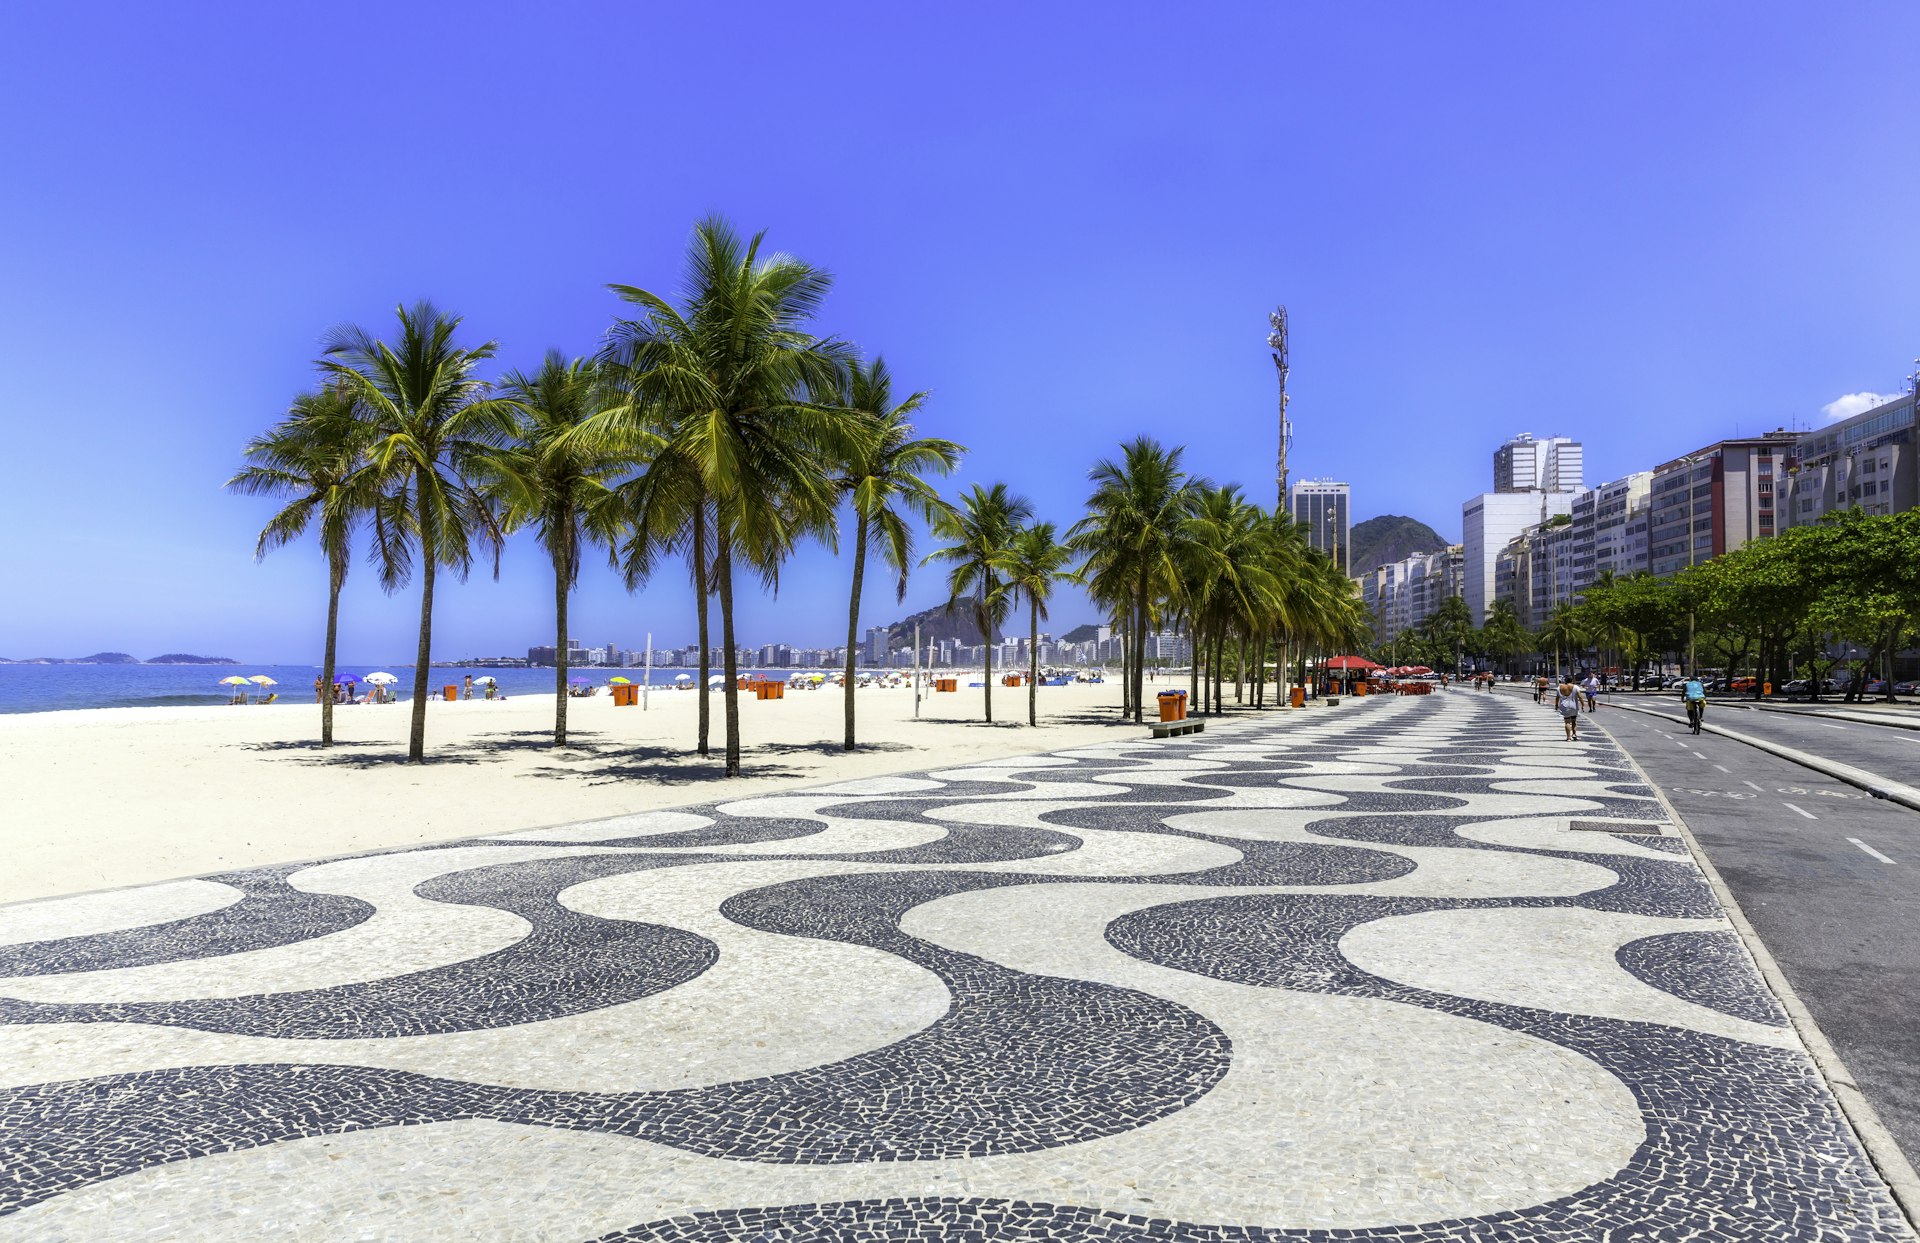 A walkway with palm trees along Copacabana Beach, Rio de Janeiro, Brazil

--

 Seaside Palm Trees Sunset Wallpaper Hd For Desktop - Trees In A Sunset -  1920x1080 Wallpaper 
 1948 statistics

==

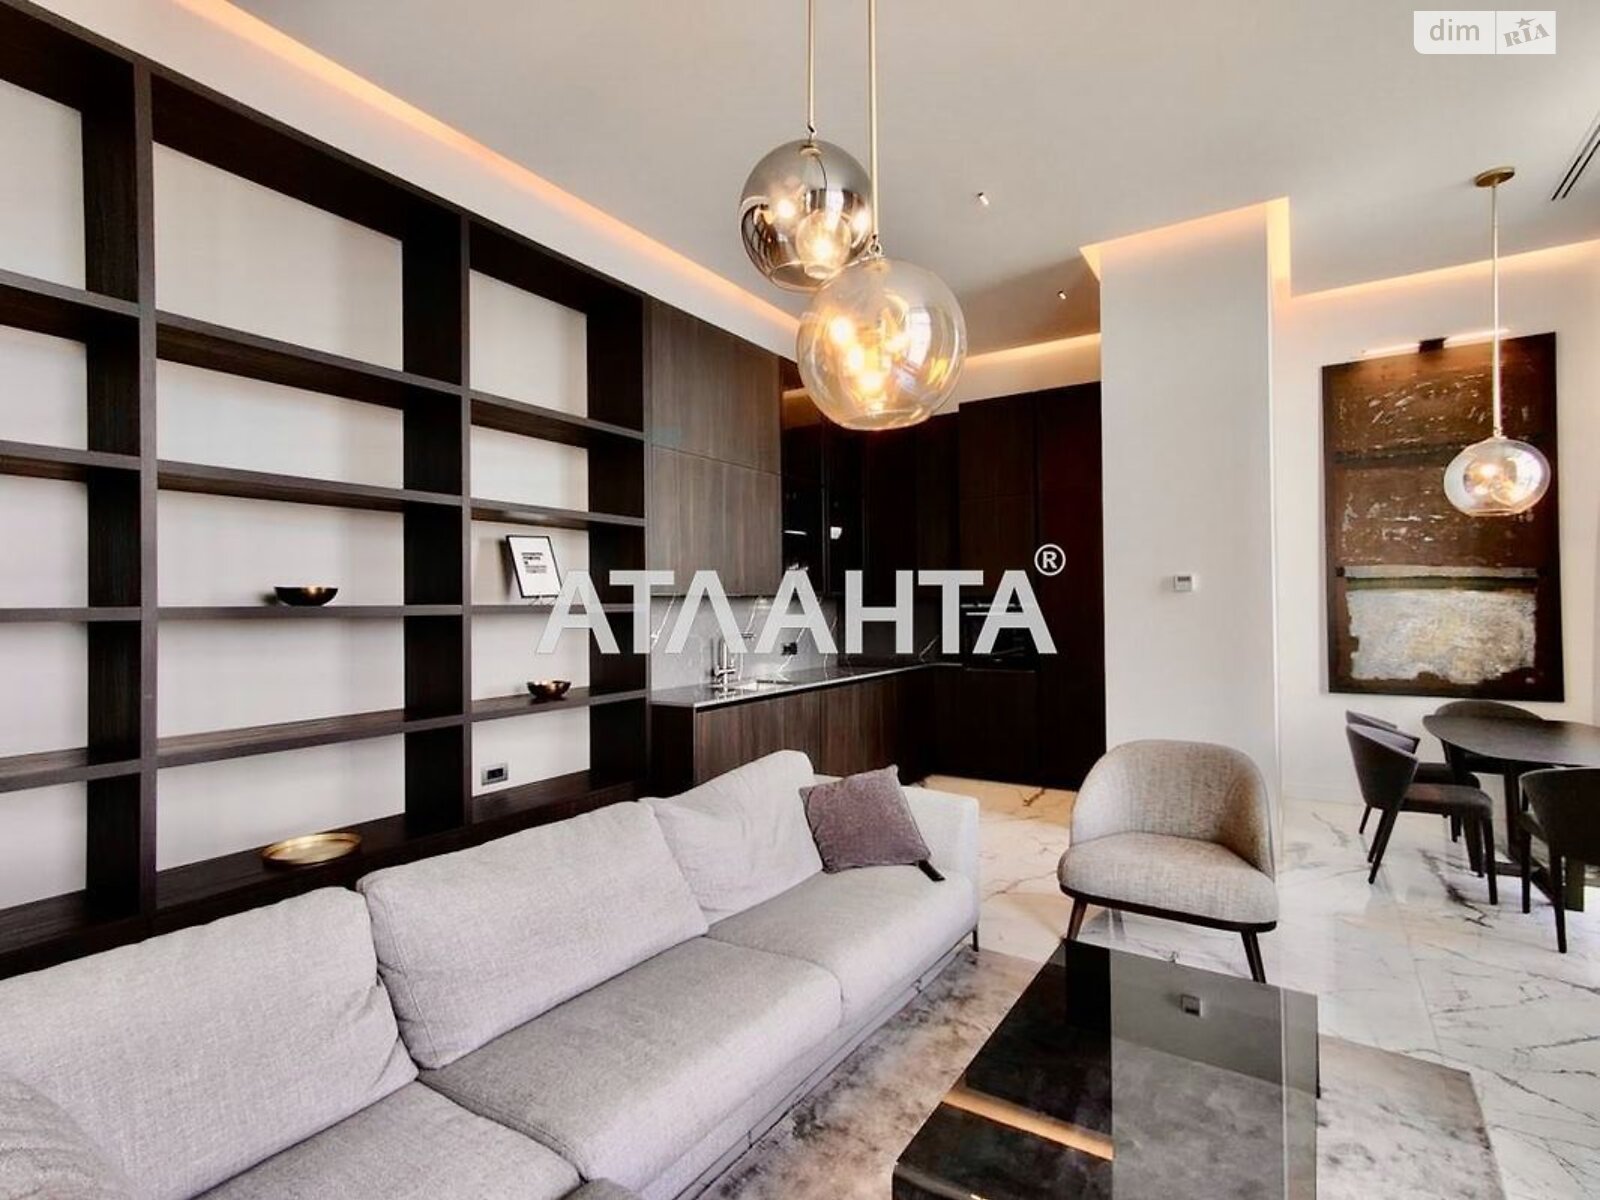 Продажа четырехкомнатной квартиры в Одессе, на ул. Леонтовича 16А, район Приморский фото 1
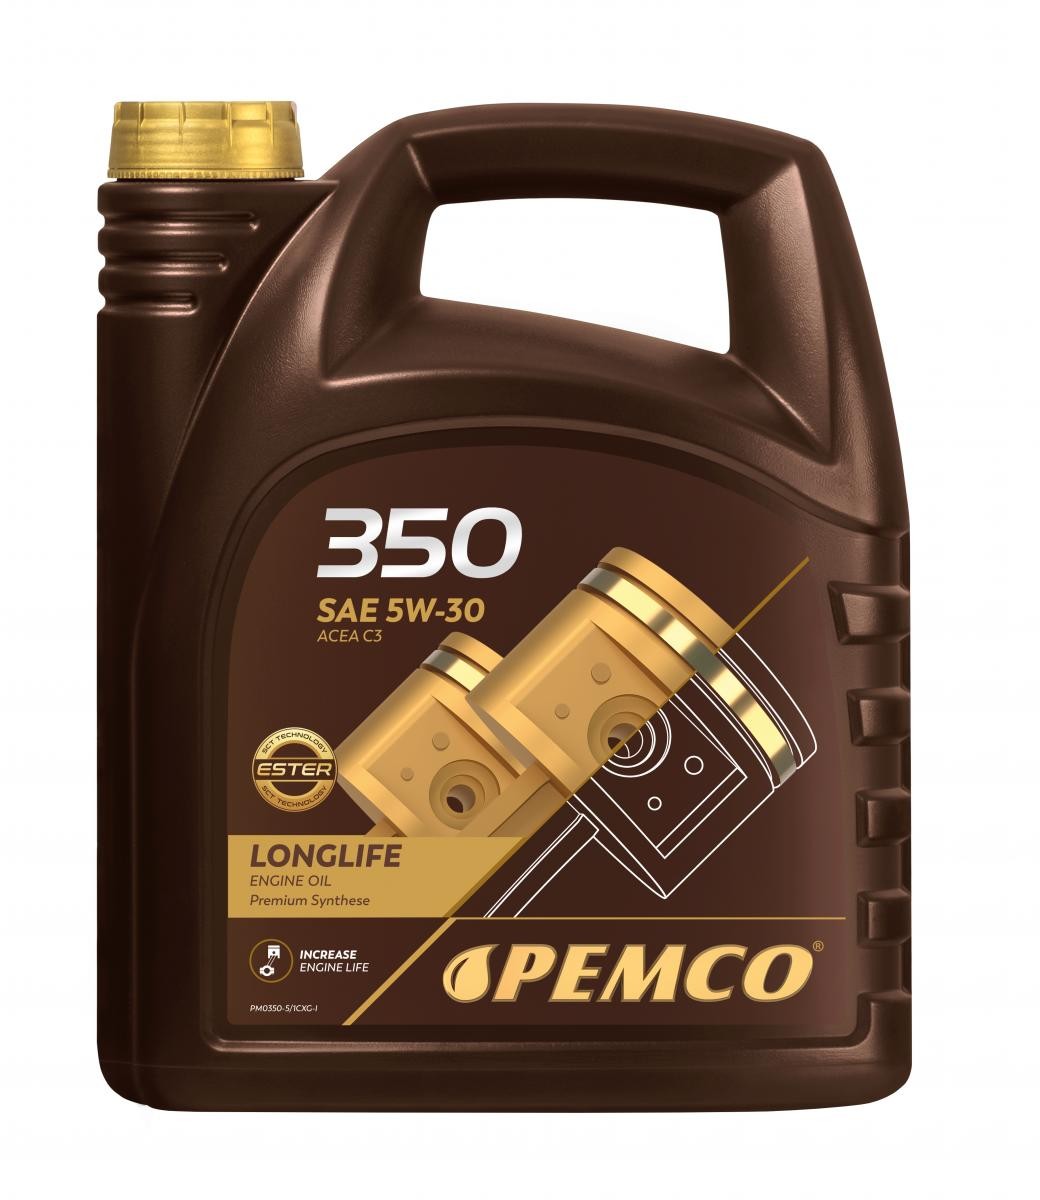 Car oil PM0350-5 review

**Work required**. Word for word, retype the lines in the entries above that run from the one with "Продажа четырехкомнатной квартиры" through the one with "Car oil PM0350-5 review". Both ends count; pictures do not.

**Expected answer**.
 Продажа четырехкомнатной квартиры в Одессе, на ул. Леонтовича 16А, район Приморский фото 1
 Car oil PM0350-5 review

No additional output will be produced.